Superintelligence?

A Critique of AI 2027

Watch the video here: AI 2027 – Speculative Futures and Superintelligence

Although important, I found this video and the overall mission of AI 2027 to be wildly speculative and a tad bit dramatic (which I guess is the point).

Two main things are keeping us from the predicted future: Context and Compute.

This is perhaps the most dangerous (in a good way?) threat to the claims of AI 2027. Super intelligence won't exist until we figure out the context problem and the compute plateau.

The Unfortunate Need for Understanding

Before diving into my critiques of this AI 2027 video, I need to provide you with some intuition surrounding how AI models learn.

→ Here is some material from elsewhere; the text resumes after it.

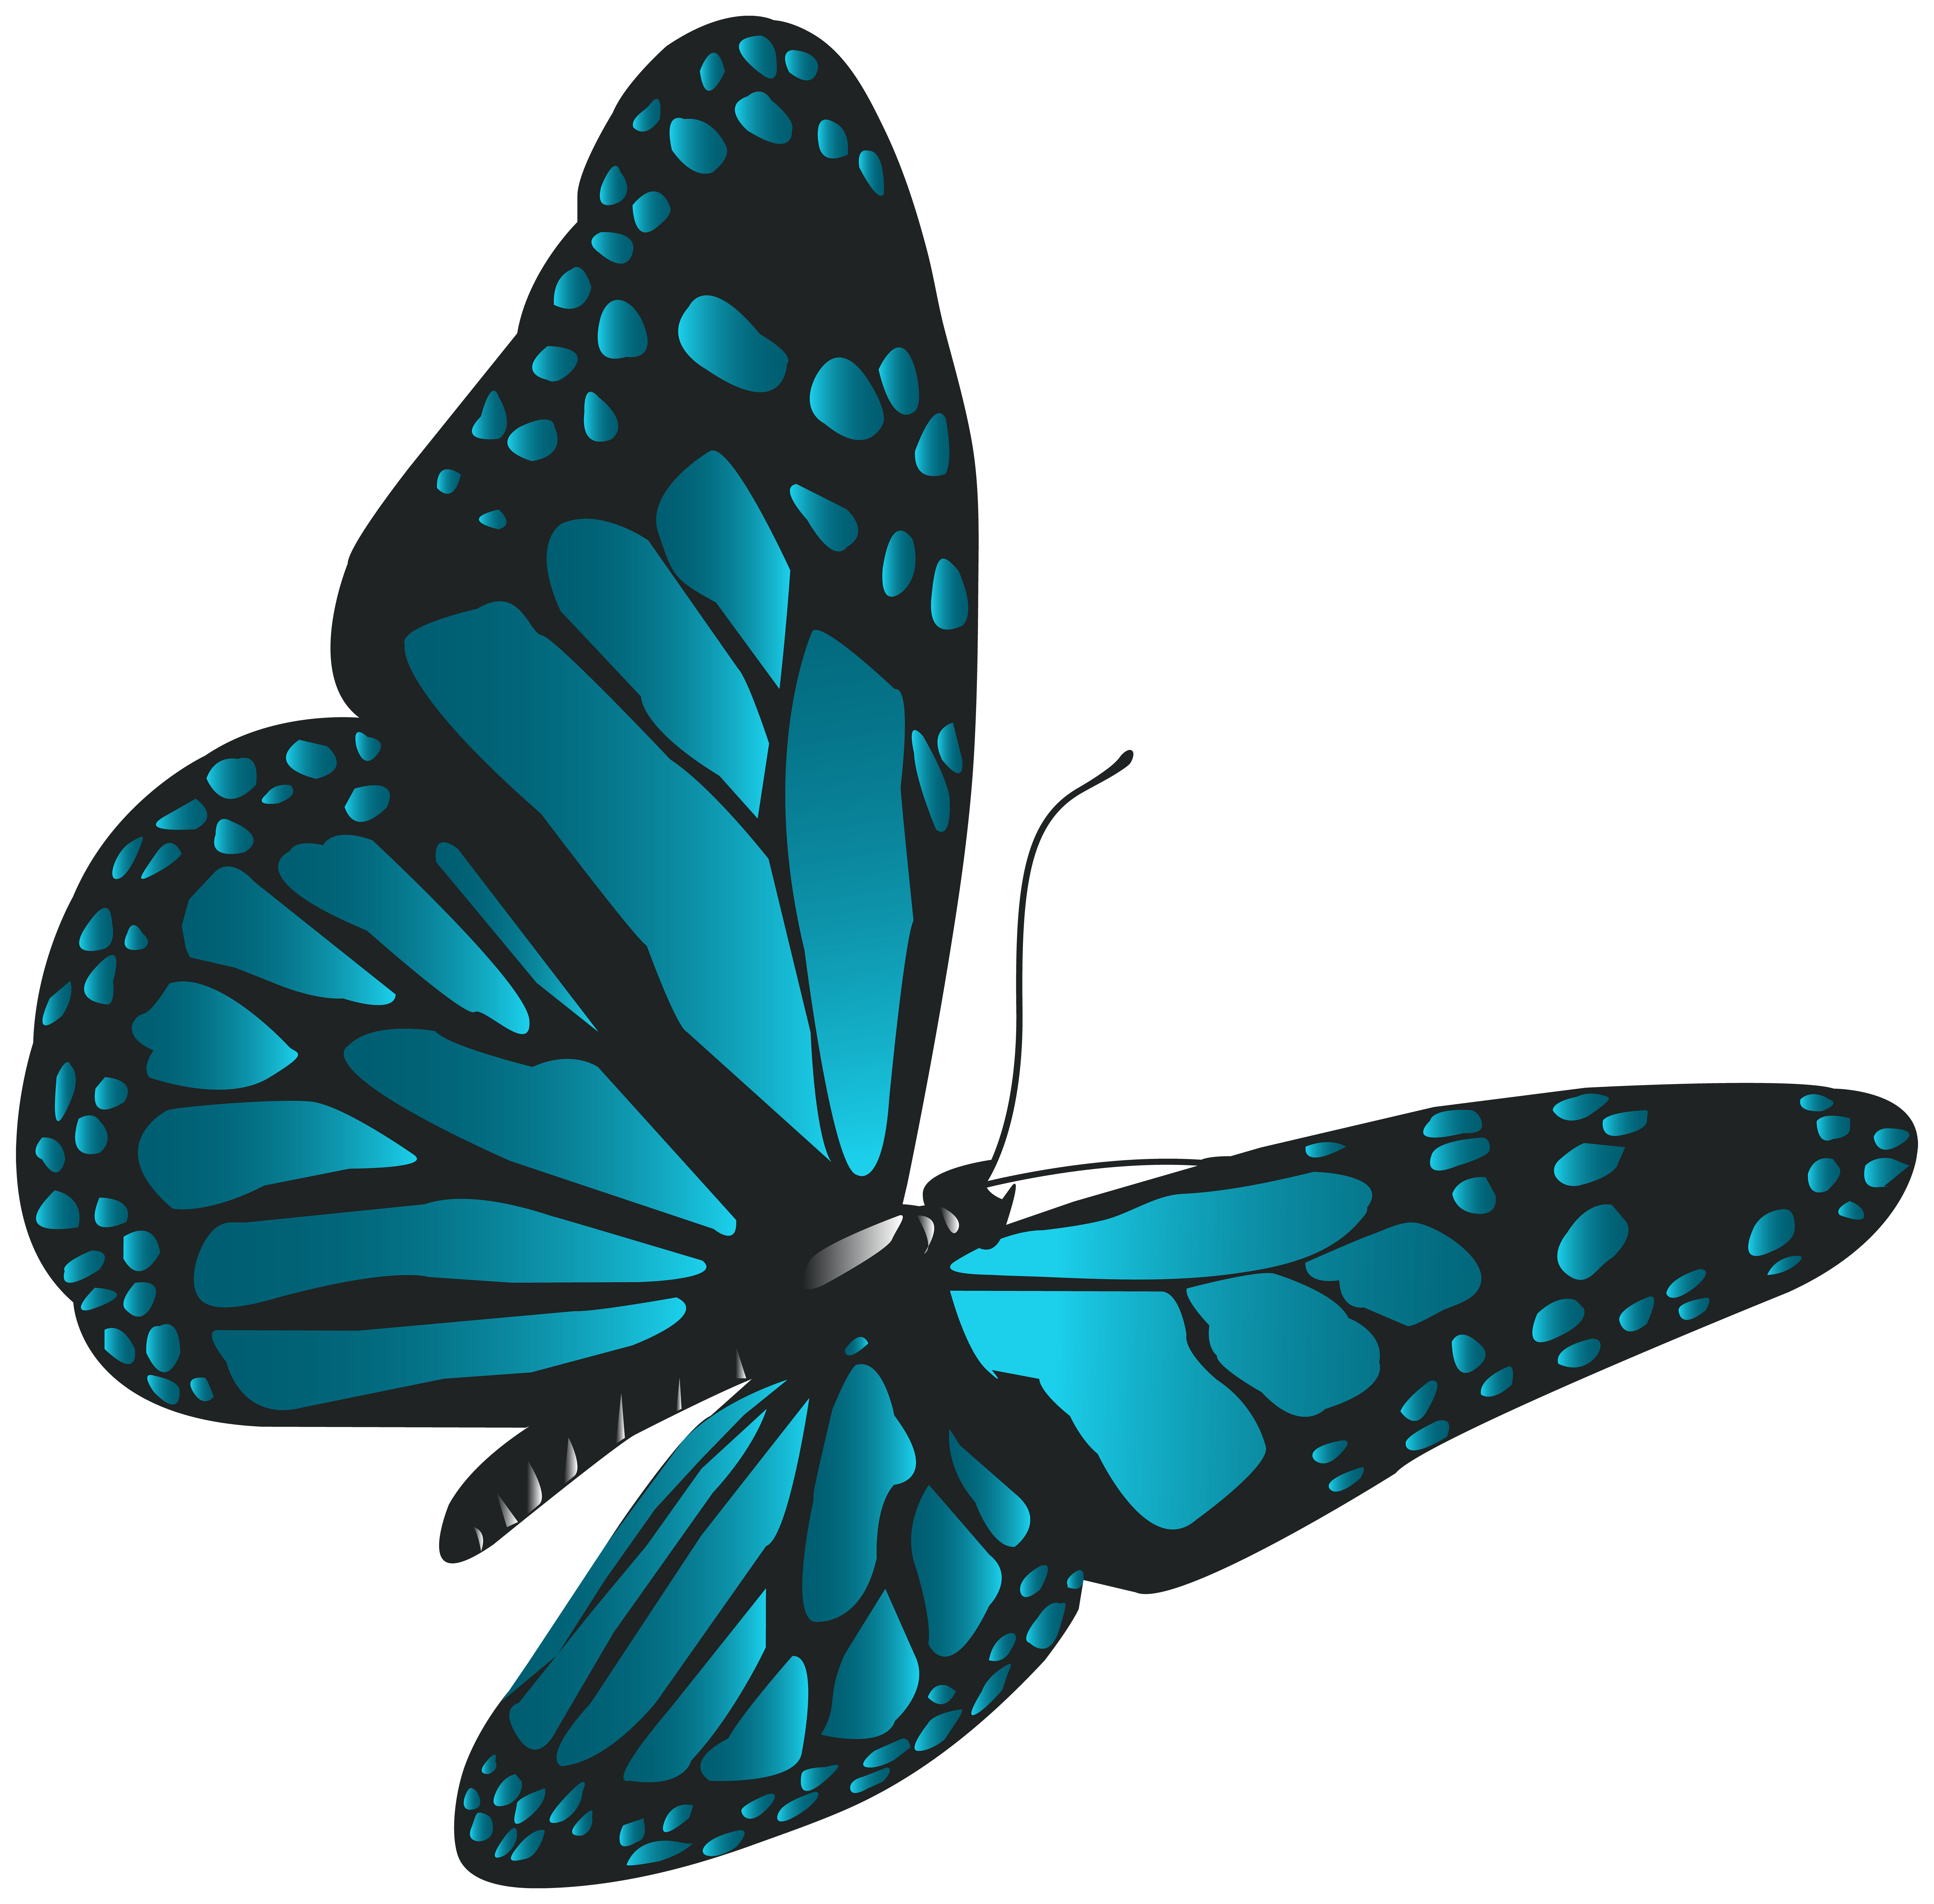 Animated Butterfly Clip Art | David Simchi-Levi

Ok, so how does an LLM work? Well, simply, an LLM predicts the next best word continuously to make a sequence. Think of it like a function f(x) = y, where x is all the words preceding y (the predicted word). Now, what are model weights? Well, let's update our function a bit. Now, instead of f(x) = y, we have kx = y. A weight is a value of k that gets us a value for y.

Remember, y is the next word predicted, and x is the preceding words (or context). The "weight" here is k - we want to update k to best predict what y should be. What that means is that to train this model, we have a dataset with some correct {x, y} pairs. In the case of a language model, x would be the context, and y would be the predicted word. Then, you train your AI by rewarding it when it gets the correct (or close to the correct) y from your input x. Throughout the process, you continuously update that "k" value (model weight) to get closer and closer to the correct y.

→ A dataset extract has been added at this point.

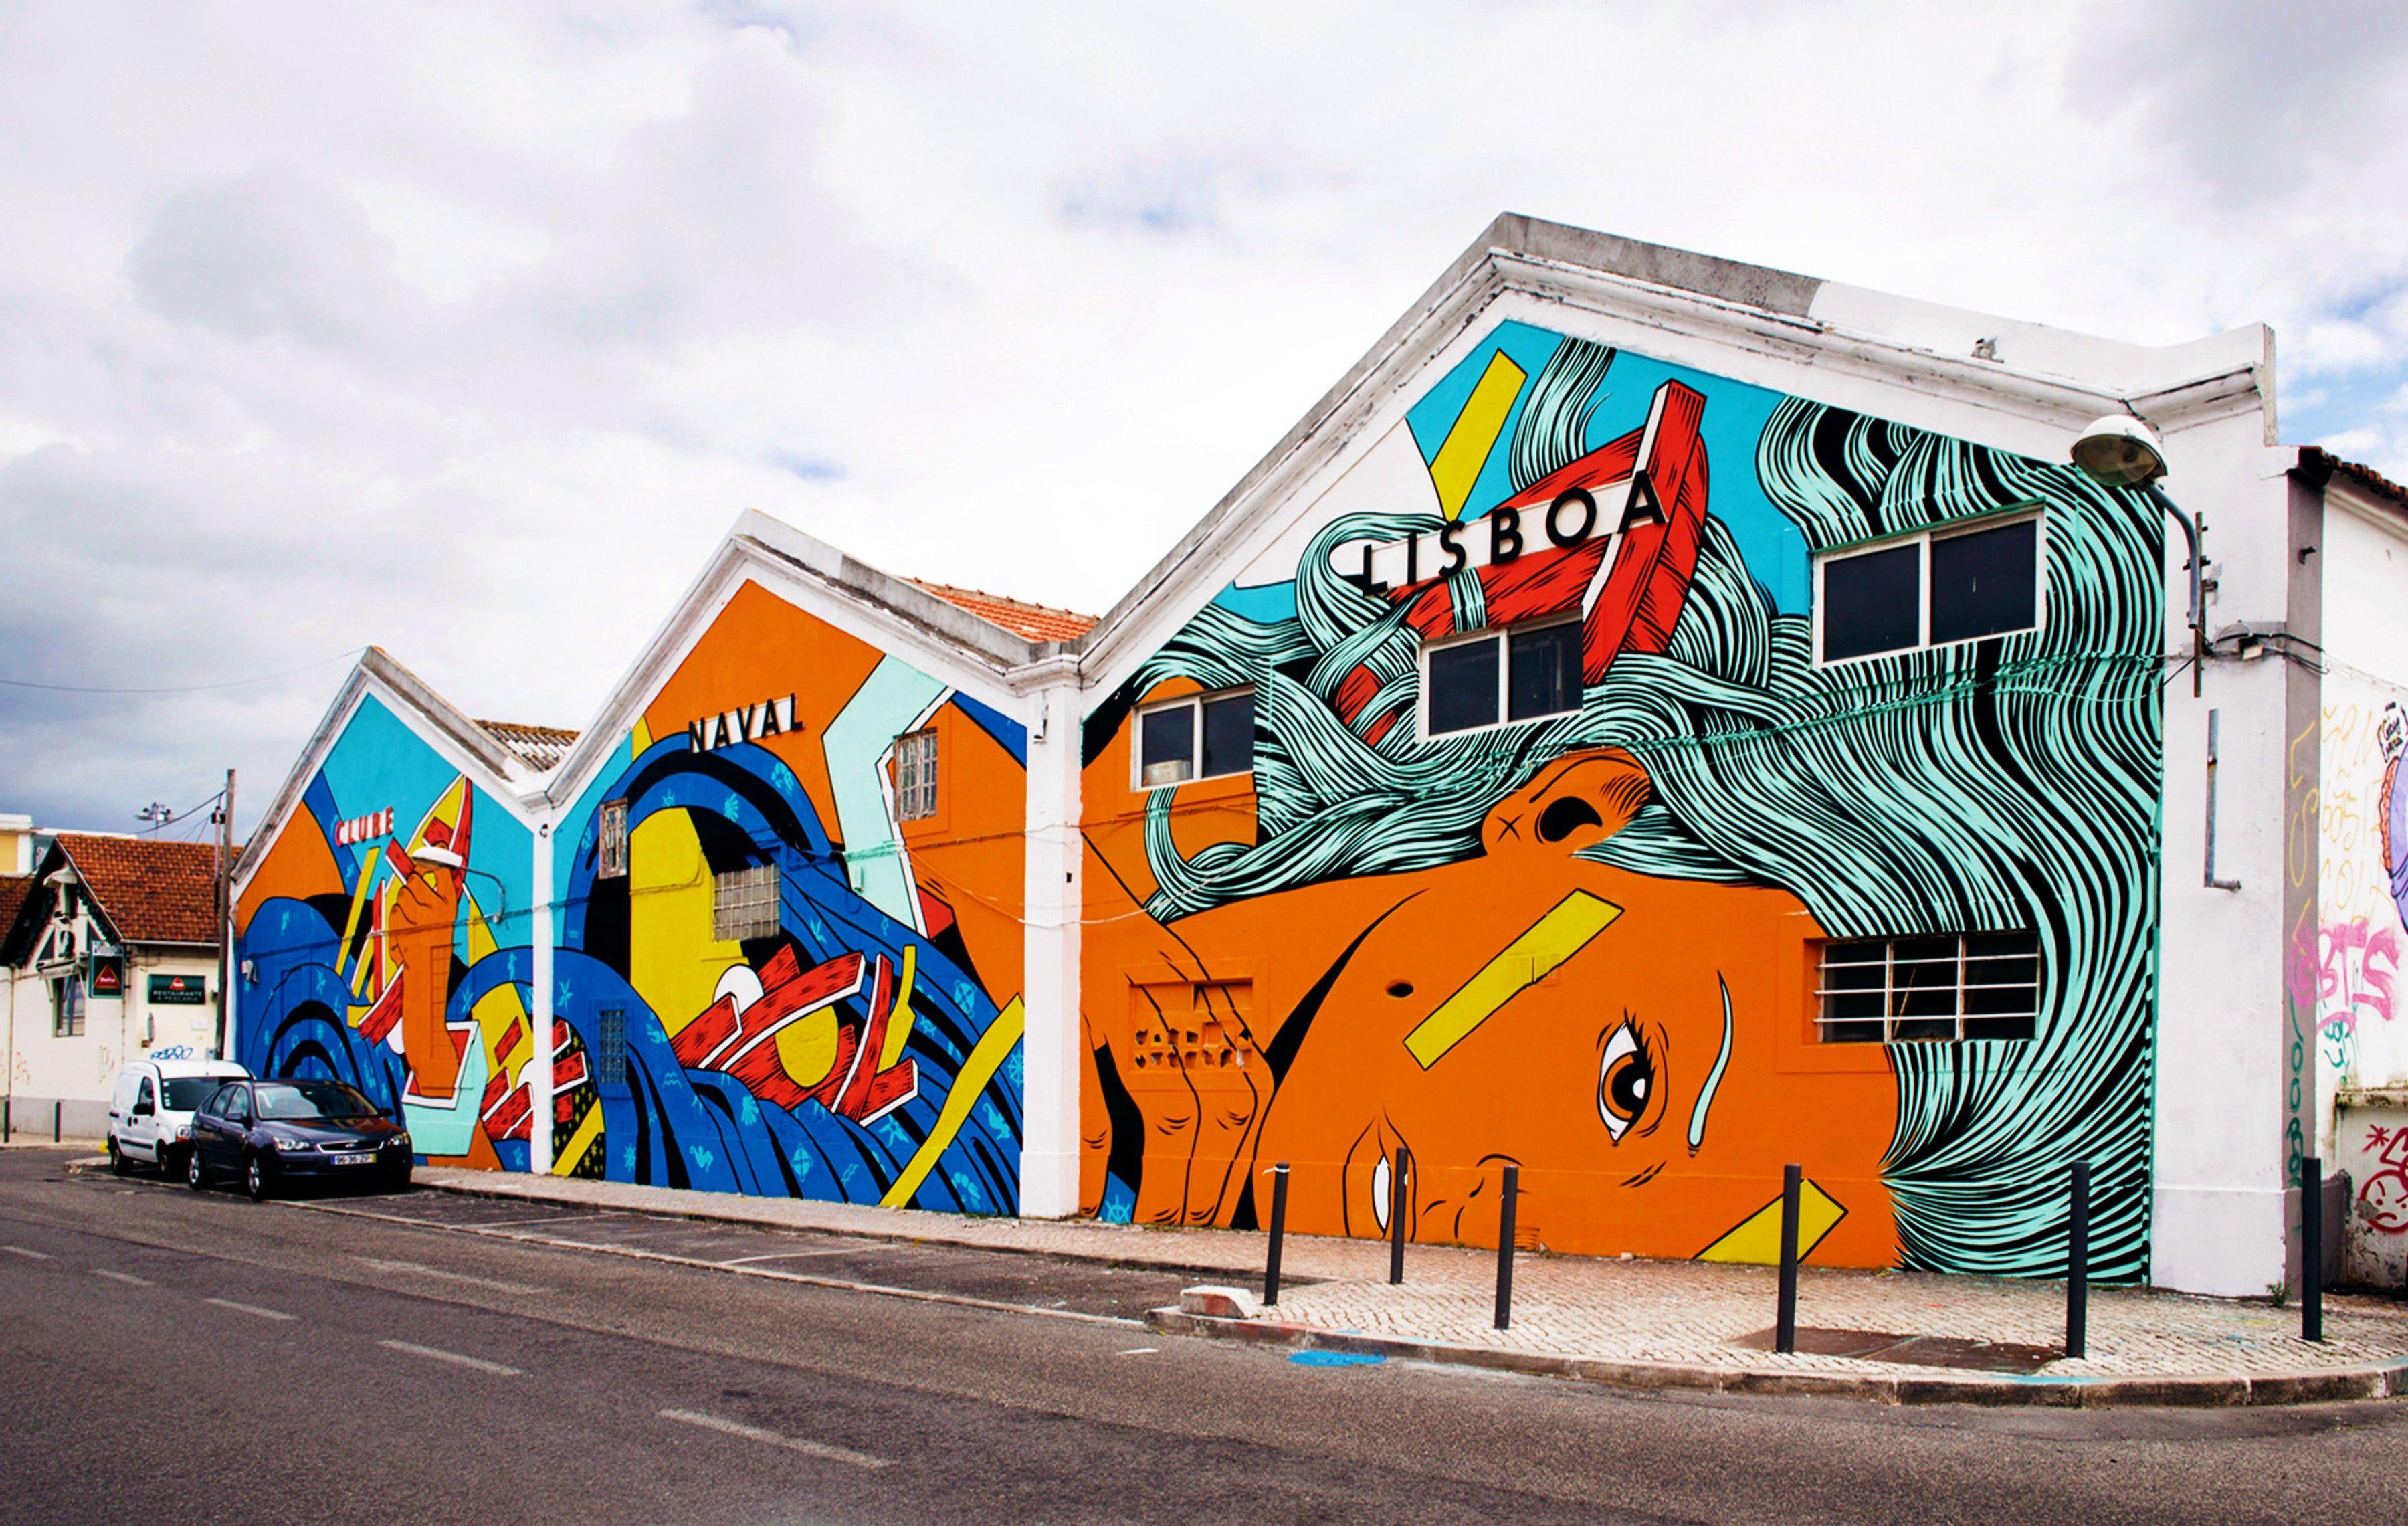 Urban Art in Lisboa 4: downhill, towards the river

For instance, let's say we had:

{10, 20}
{20, 40}
{30, 60}

And we wanted to make an equation. After training, our model would be able to come up with a k value of 2. Simple pattern recognition (not in the way humans do it, but through repetitive reward/punishment).

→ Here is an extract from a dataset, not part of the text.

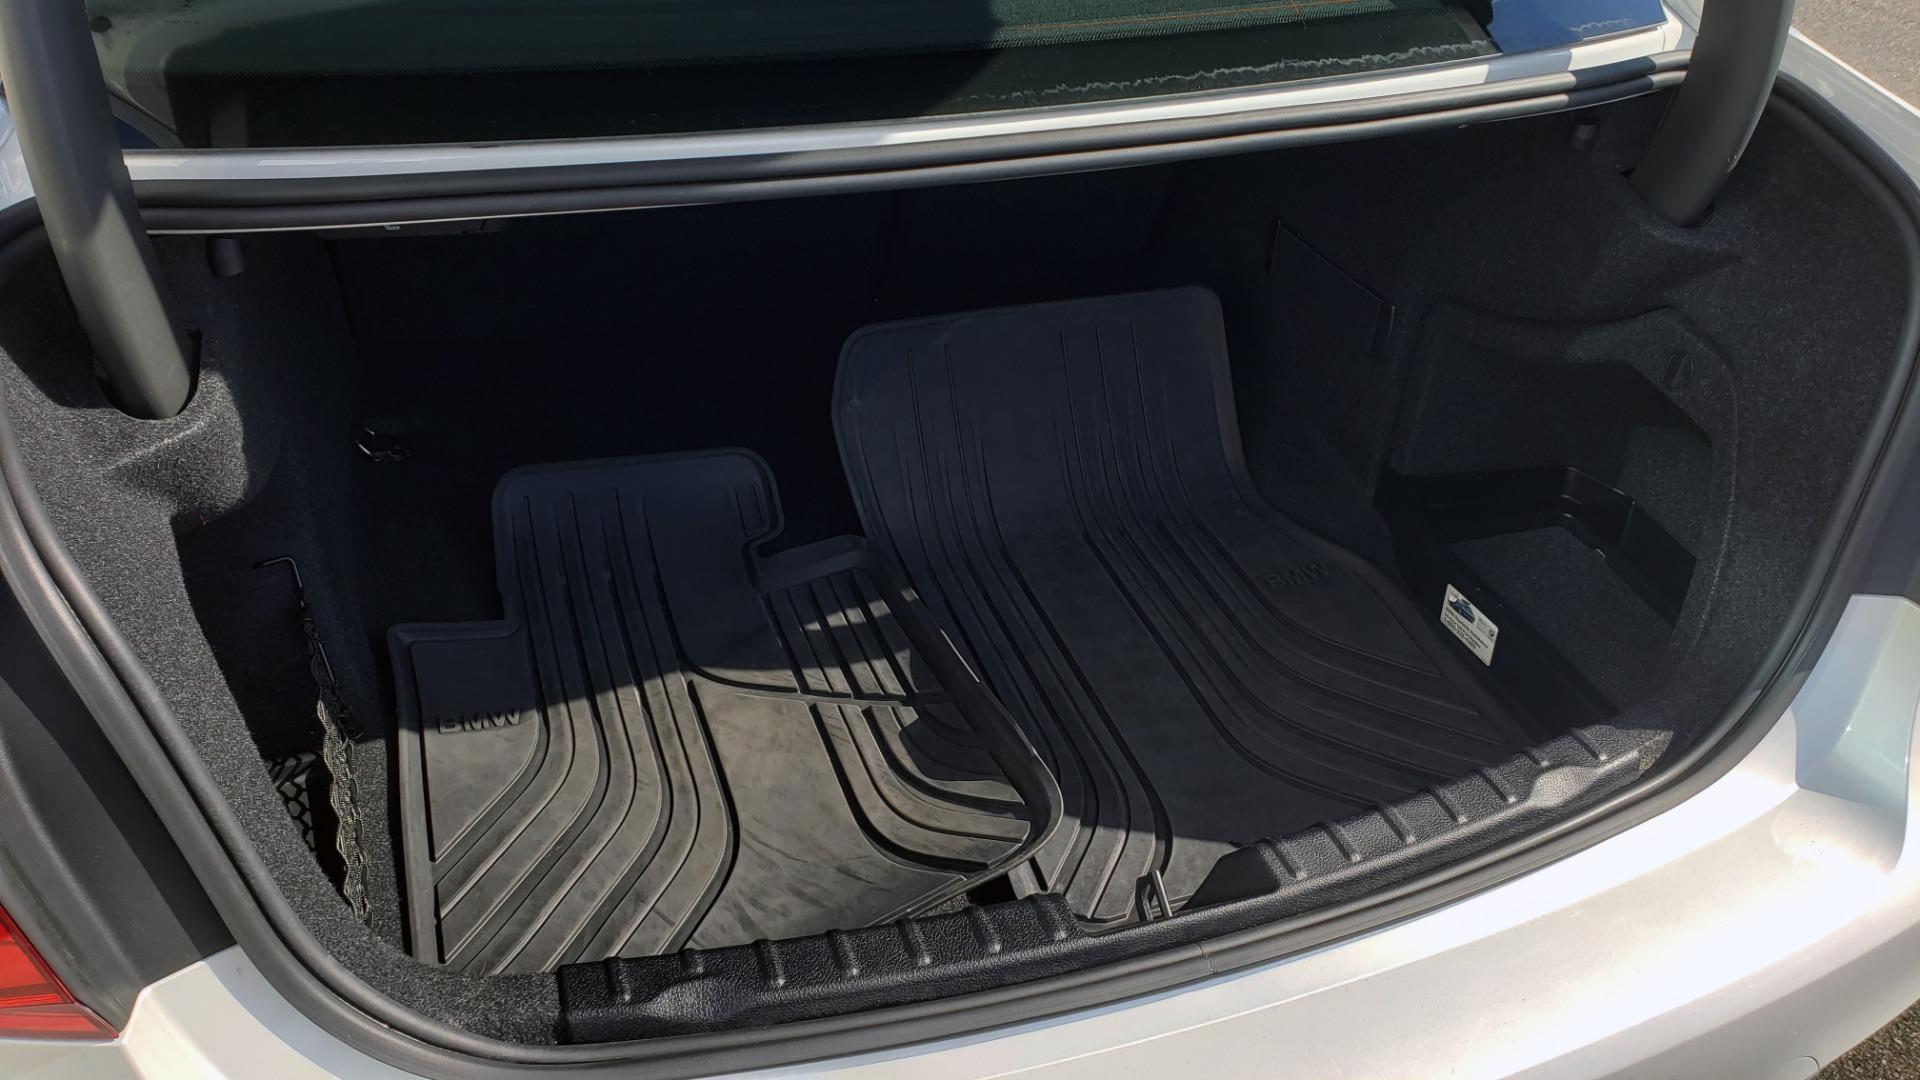 Used 2016 BMW M3 SEDAN / EXECUTIVE PKG / M-SUSPENSION / HARMAN/KARDON SOUND for sale Sold at Formula Imports in Charlotte NC 28227 27

But what about this "transformer" thing? Well, this architecture was really the first great breakthrough for AGI, or as I would call it, ATP (Advanced Token/Word Prediction). A transformer provides a mechanism called attention, which allows AI models to become exponentially better at "predicting the next word." Put simply, instead of placing in words for our "x" input, we can now put something more sophisticated. I think attention is best explained through examples.

We have this sentence:

The quick brown fox jumps over the lazy dog.

Now, before transformer models, we would input this sentence with each word basically carrying an individual meaning. Attention allows for words to basically modify each other. Quick → fox. Brown → fox. Lazy → dog.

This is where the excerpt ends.